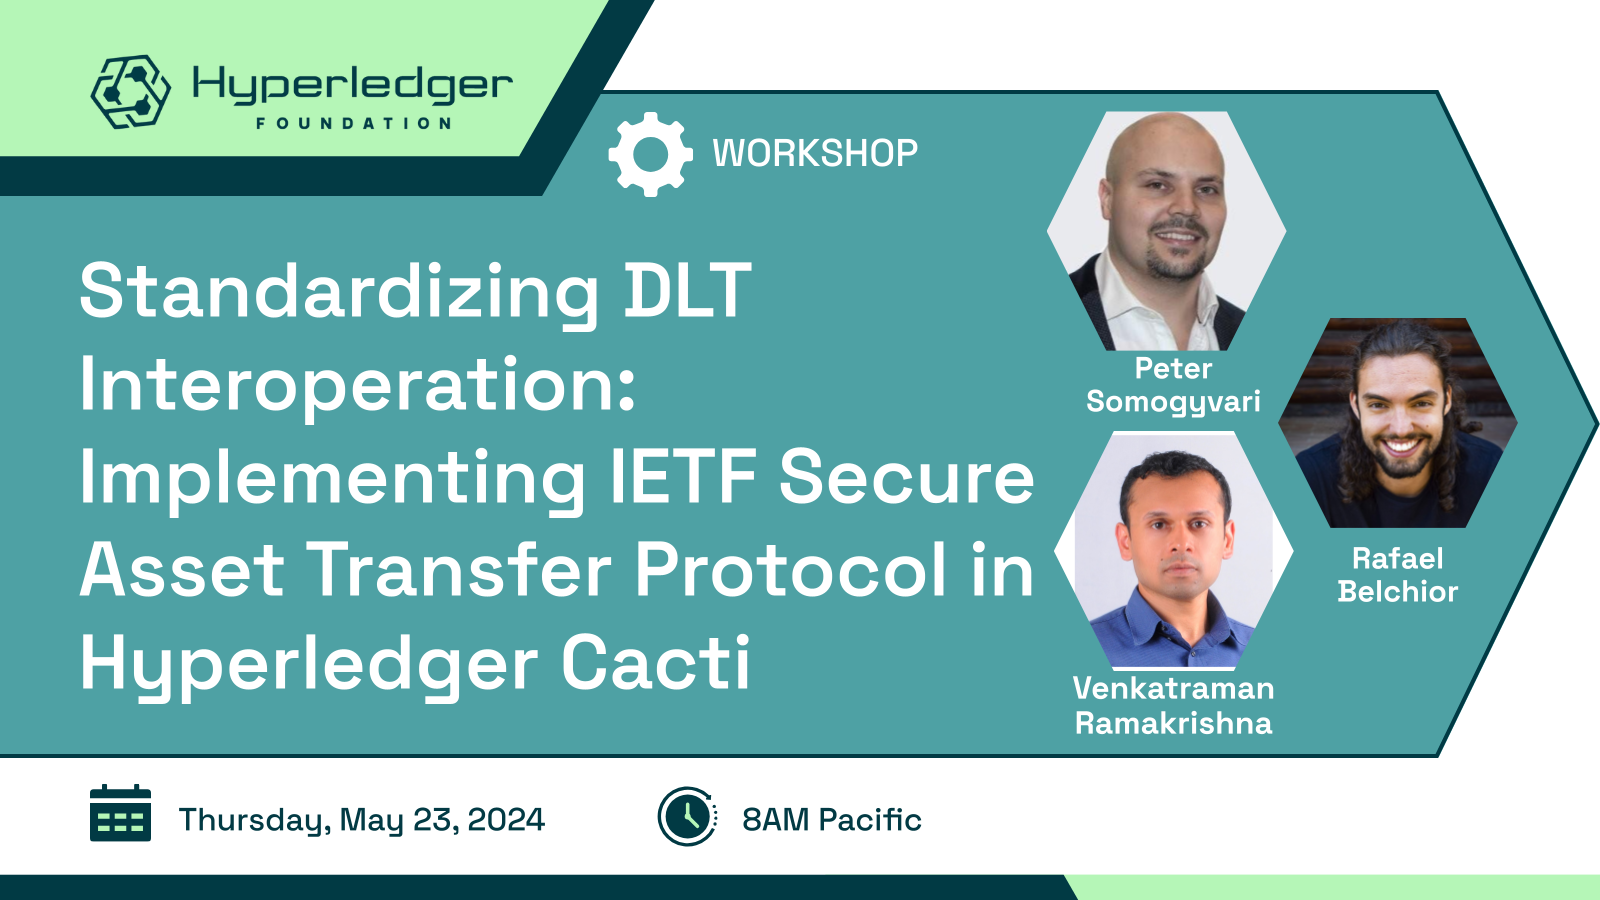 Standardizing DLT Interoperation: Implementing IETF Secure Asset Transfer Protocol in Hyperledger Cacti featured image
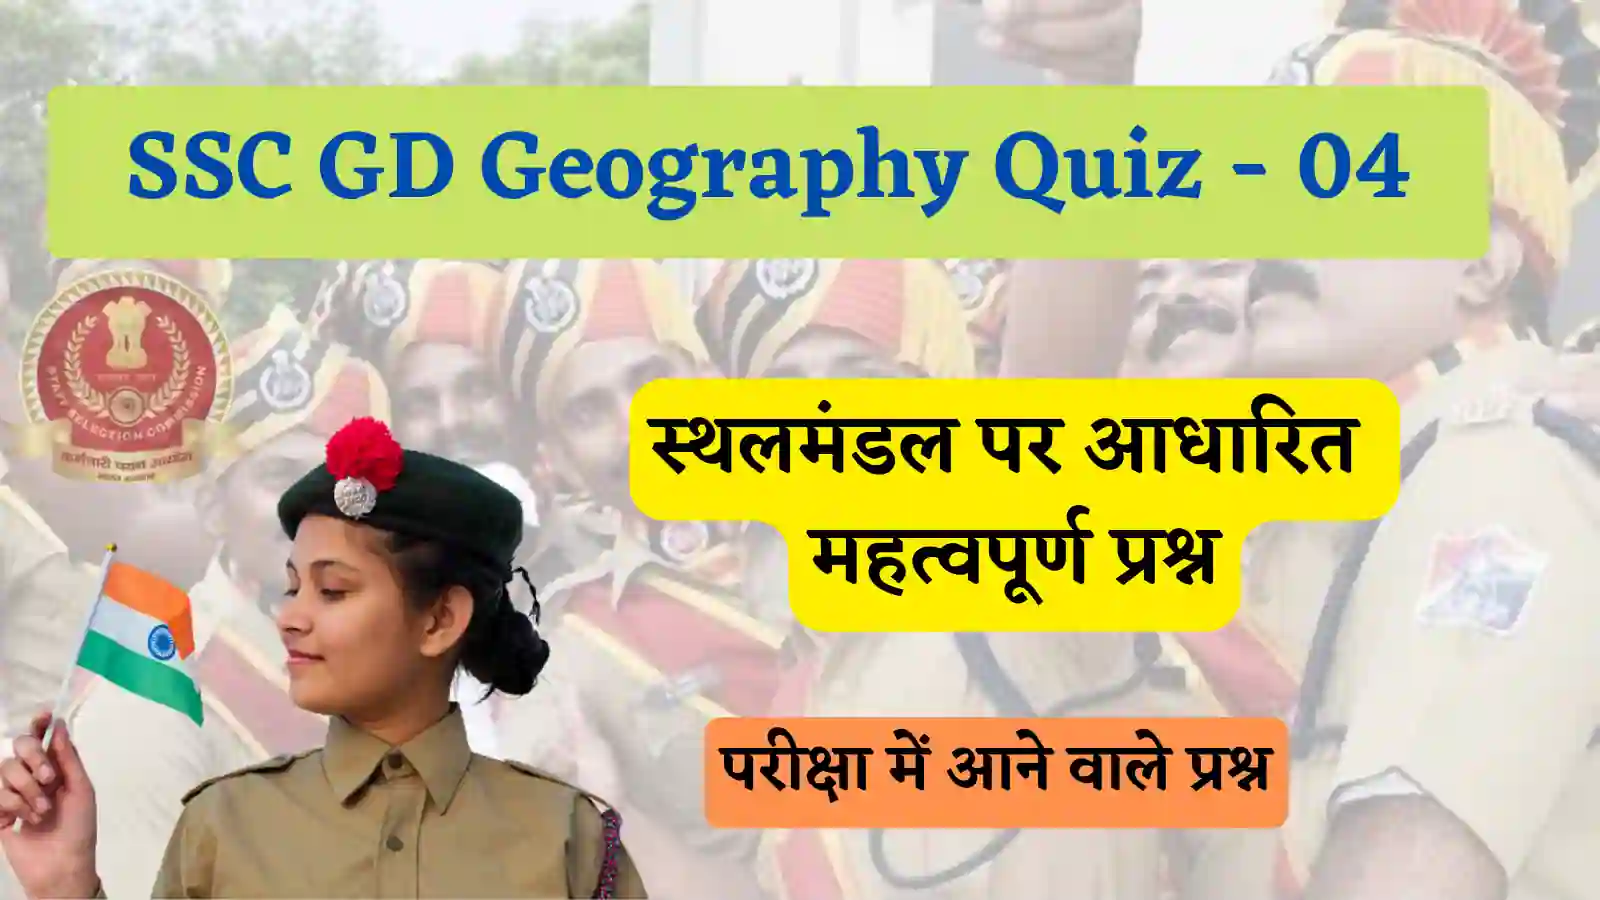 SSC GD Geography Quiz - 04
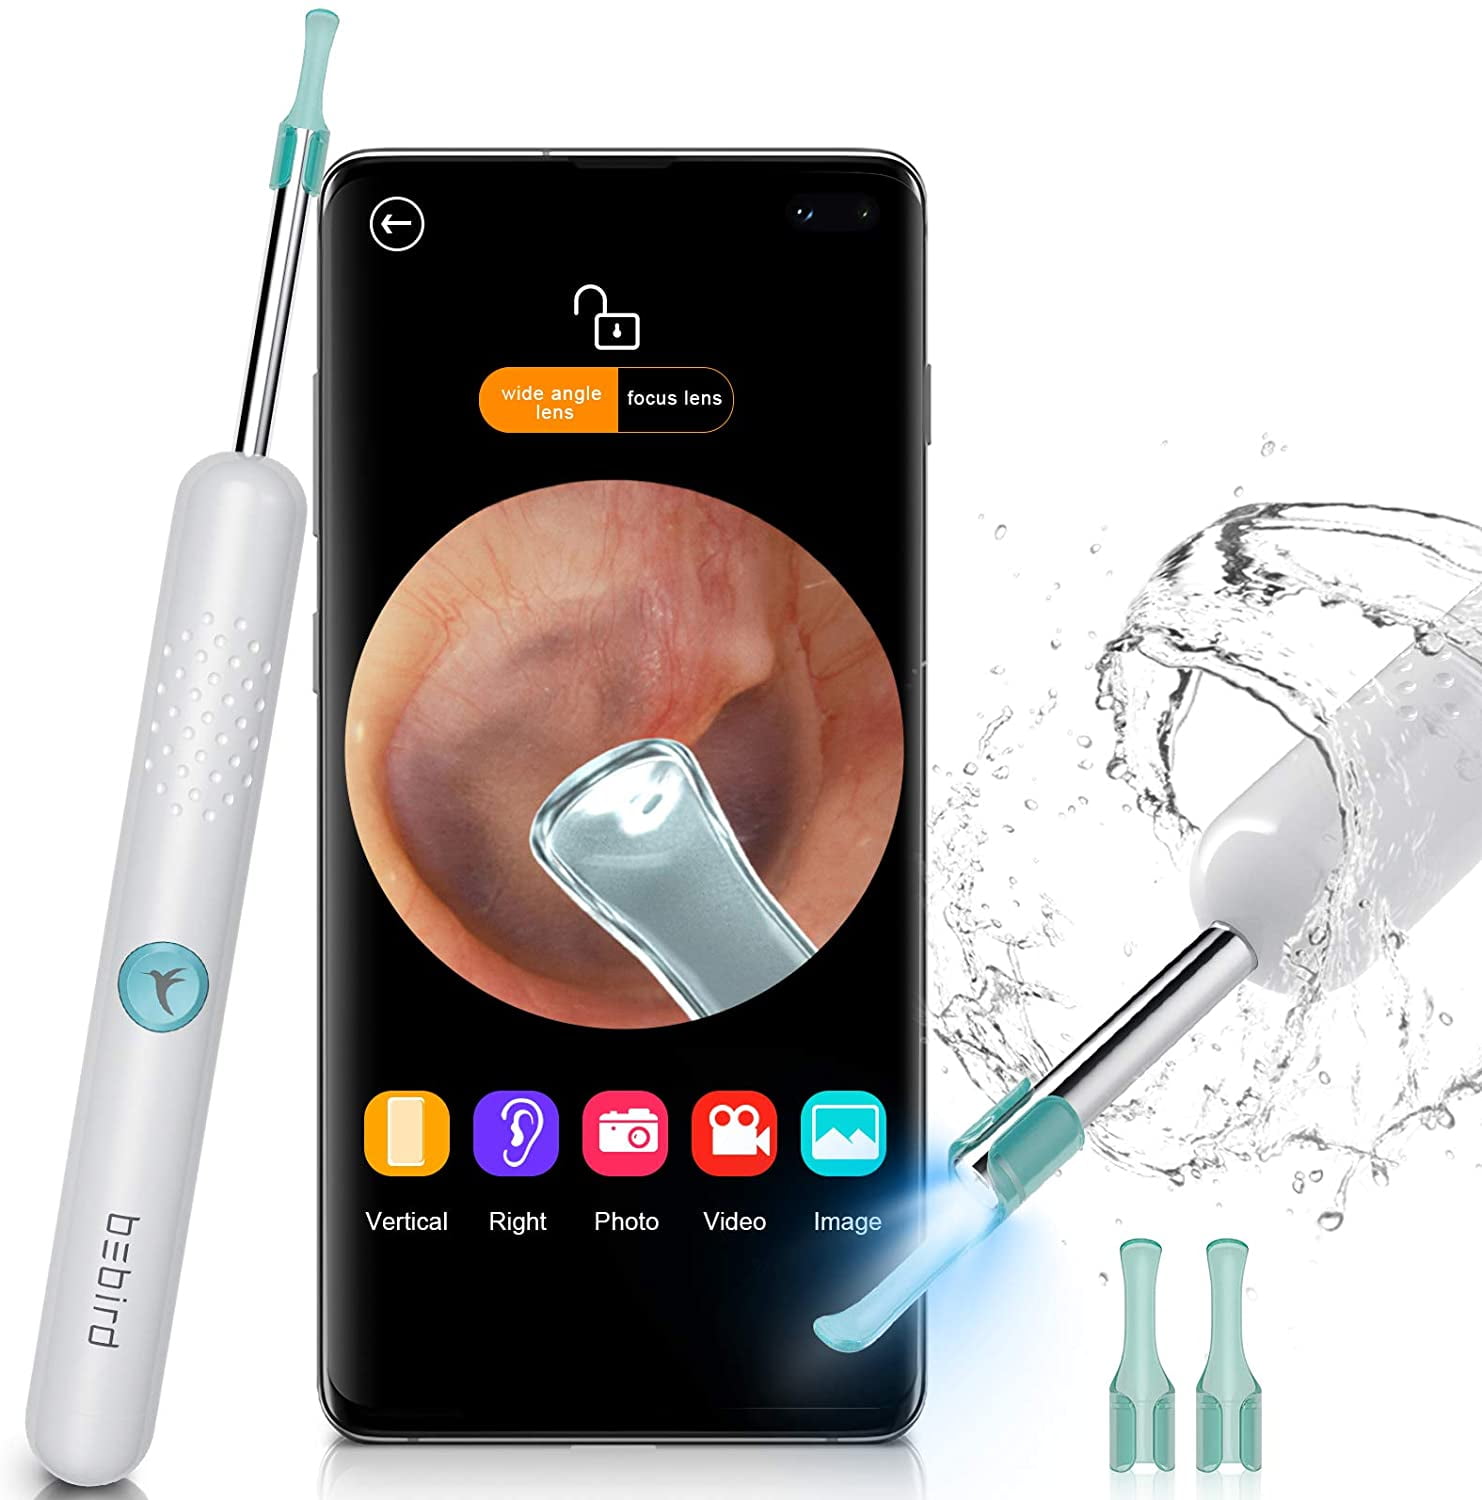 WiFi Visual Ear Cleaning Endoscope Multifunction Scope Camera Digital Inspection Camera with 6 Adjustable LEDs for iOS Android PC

### WHAT THE TASK REQUIRES
Print exactly the lines from the line with "SSC GD Geography Quiz - 04" through the end of the data, both ends included, and print no pictures.

### ANSWER TO THIS PROBLEM
 SSC GD Geography Quiz - 04
 WiFi Visual Ear Cleaning Endoscope Multifunction Scope Camera Digital Inspection Camera with 6 Adjustable LEDs for iOS Android PC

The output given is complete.